__Task to complete__.
Your answer should be the lines below from the one holding "Null Dragon sword" through the one holding "Perceeloppervlakte Esdoornerf 26 Bathmen", copied exactly and with nothing else.

__Records to process__.

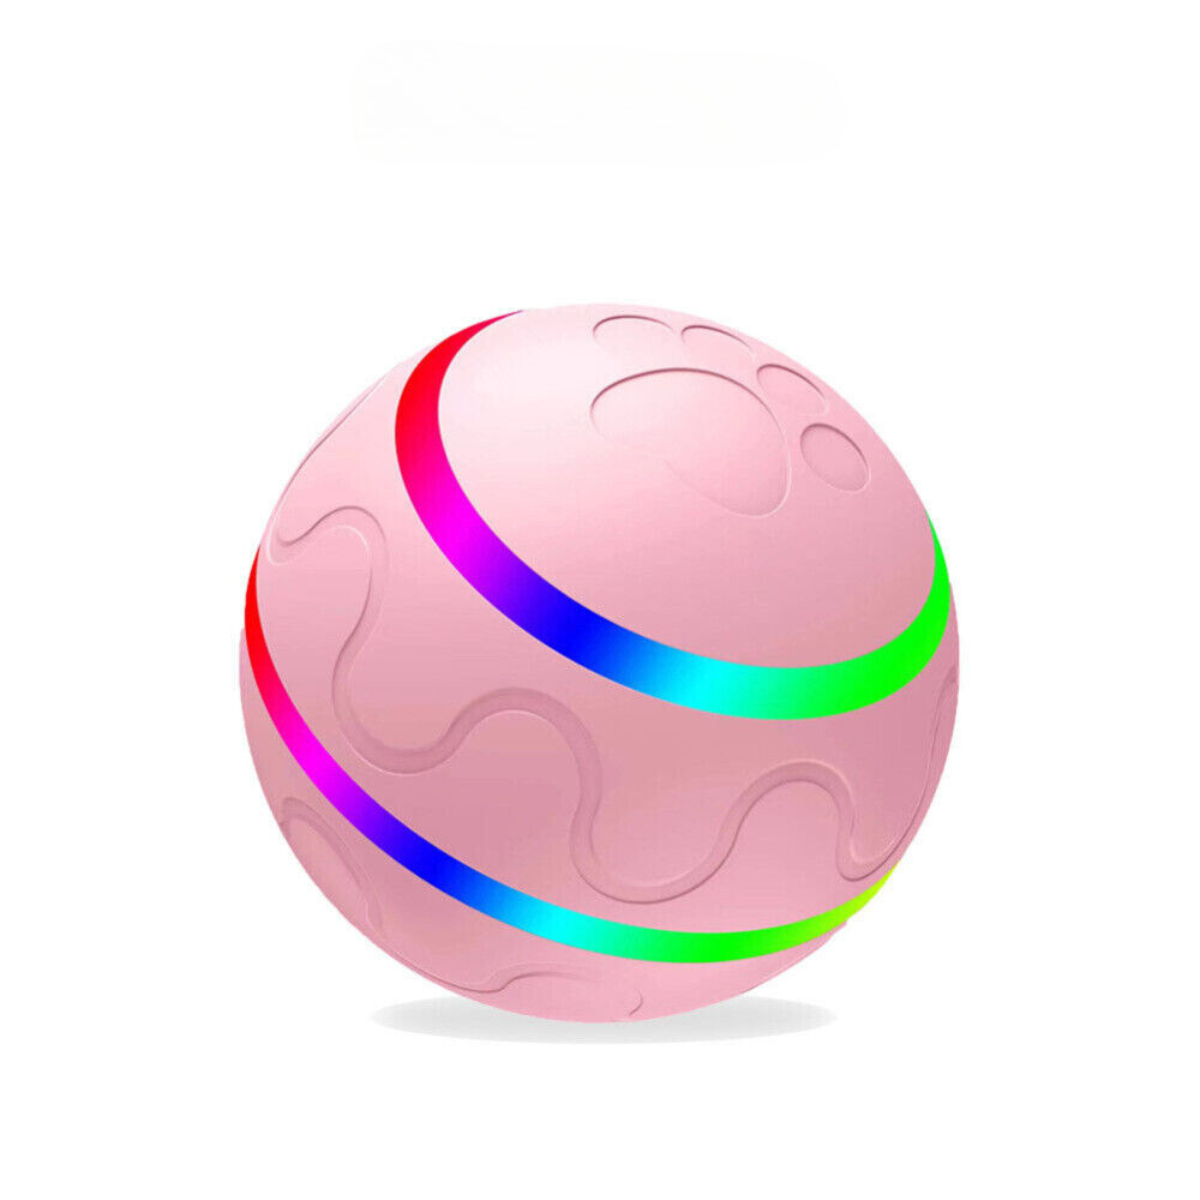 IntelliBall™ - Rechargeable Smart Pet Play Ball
...
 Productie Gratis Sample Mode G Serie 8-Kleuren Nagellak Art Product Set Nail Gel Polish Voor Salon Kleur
---
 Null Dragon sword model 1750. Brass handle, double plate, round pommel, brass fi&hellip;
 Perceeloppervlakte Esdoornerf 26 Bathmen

__Written answer__.
 Null Dragon sword model 1750. Brass handle, double plate, round pommel, brass fi&hellip;
 Perceeloppervlakte Esdoornerf 26 Bathmen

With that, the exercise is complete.